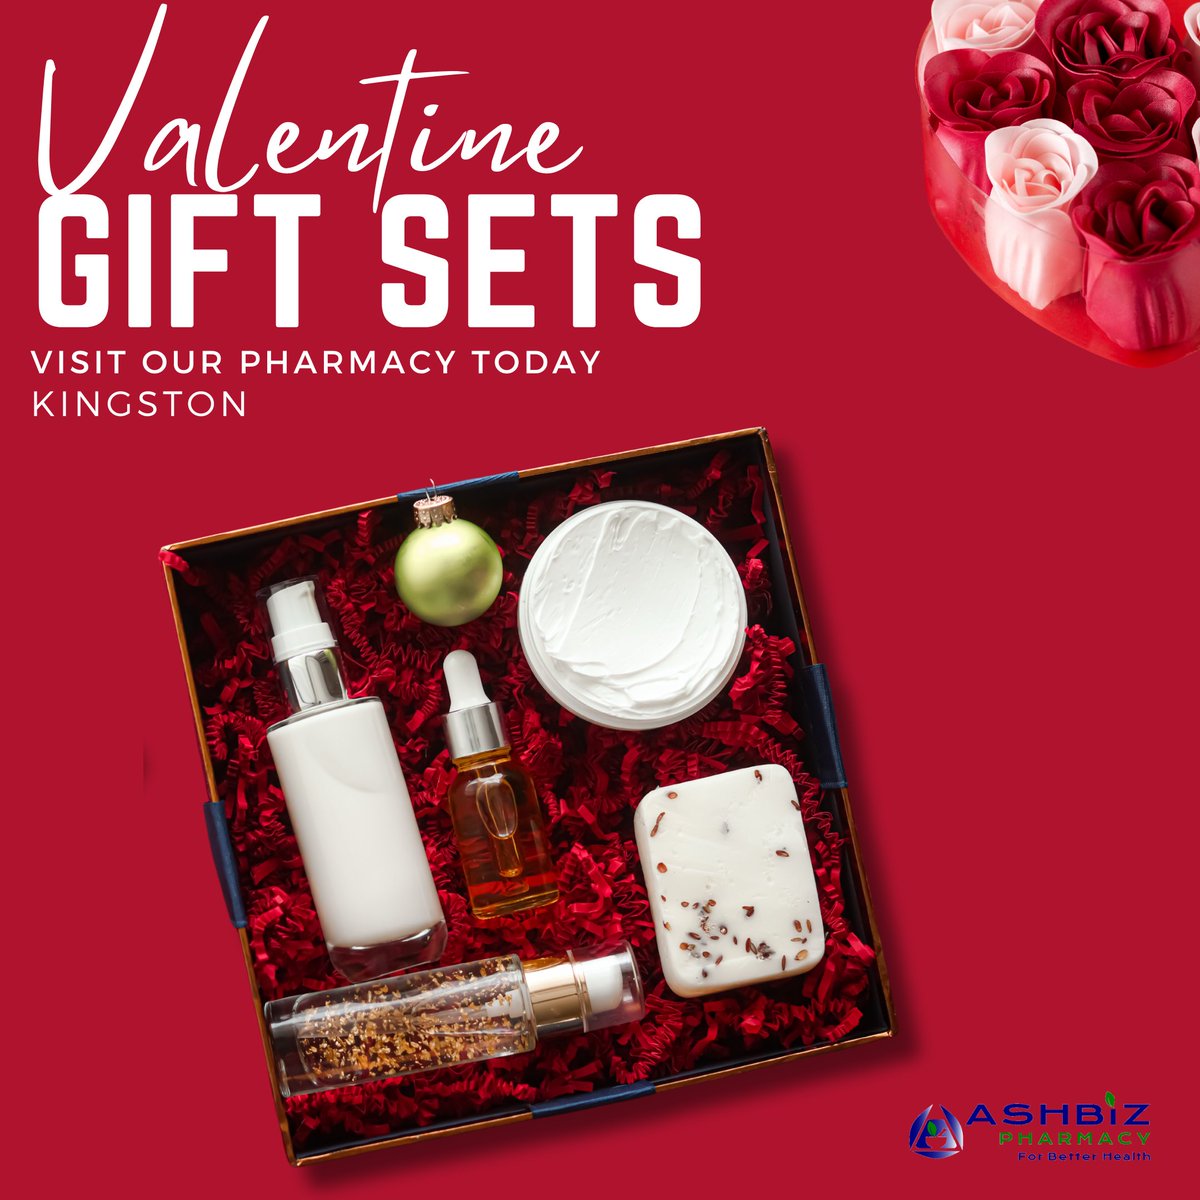 From romantic gestures to wellness treats, find the perfect gift to make this Valentine's Day unforgettable.

#ValentinesDay #GiftIdeasJamaica #AshBizPharmacy #giftsforhim #giftsforher #valentinesgifts
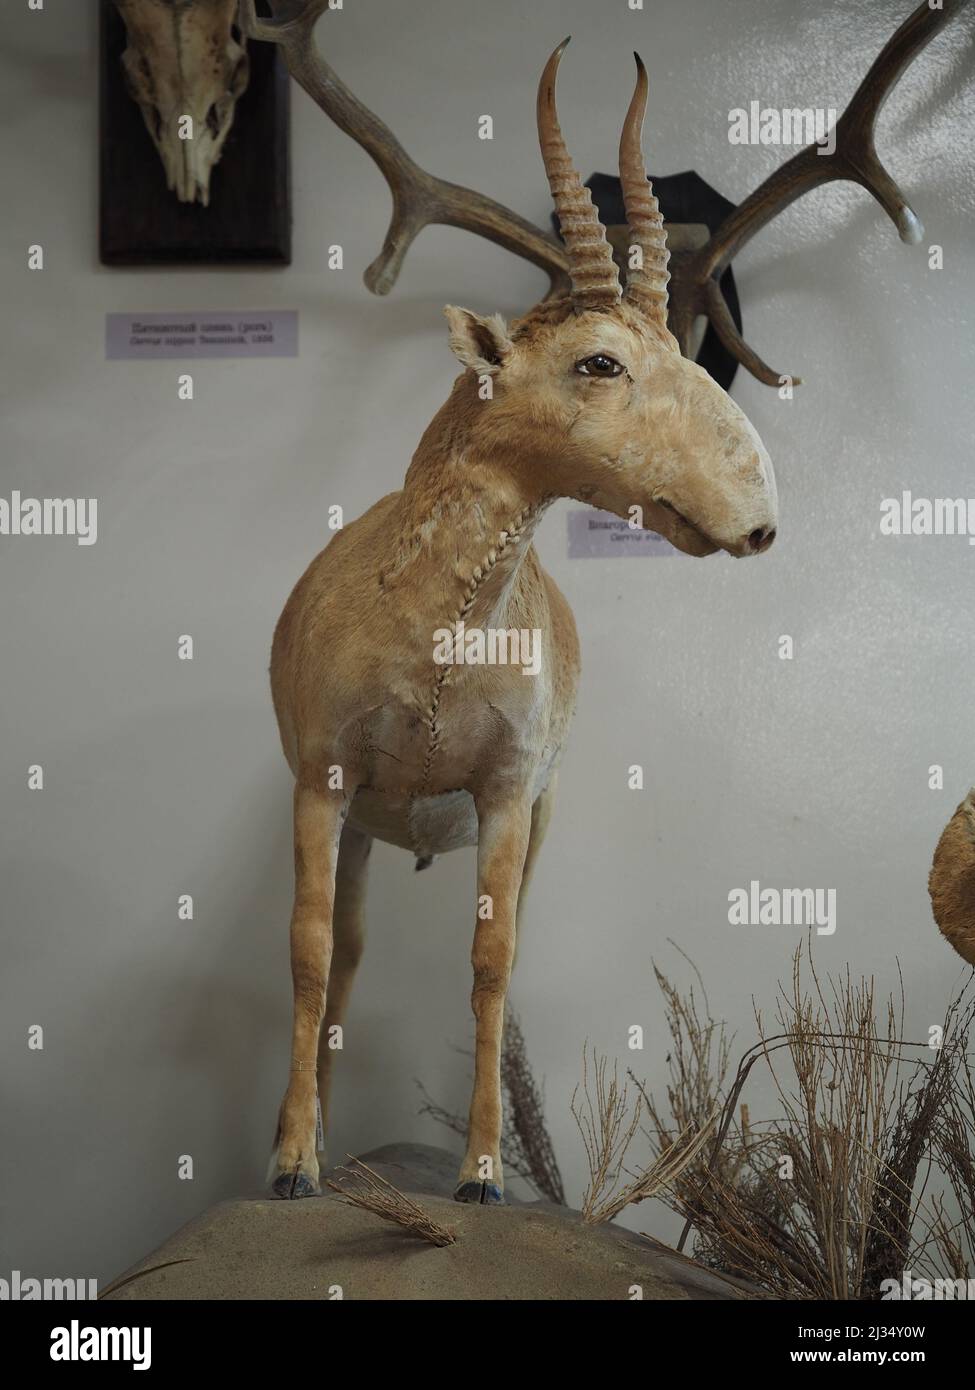 European roe deer with horns. Artiodactyl animal of the deer family. Exhibit of the Zoological Museum. Stock Photo

(What is being asked) The result should be a verbatim copy of the data, free of pictures.

(The completed task)
 From romantic gestures to wellness treats, find the perfect gift to make this Valentine's Day unforgettable.

#ValentinesDay #GiftIdeasJamaica #AshBizPharmacy #giftsforhim #giftsforher #valentinesgifts
 European roe deer with horns. Artiodactyl animal of the deer family. Exhibit of the Zoological Museum. Stock Photo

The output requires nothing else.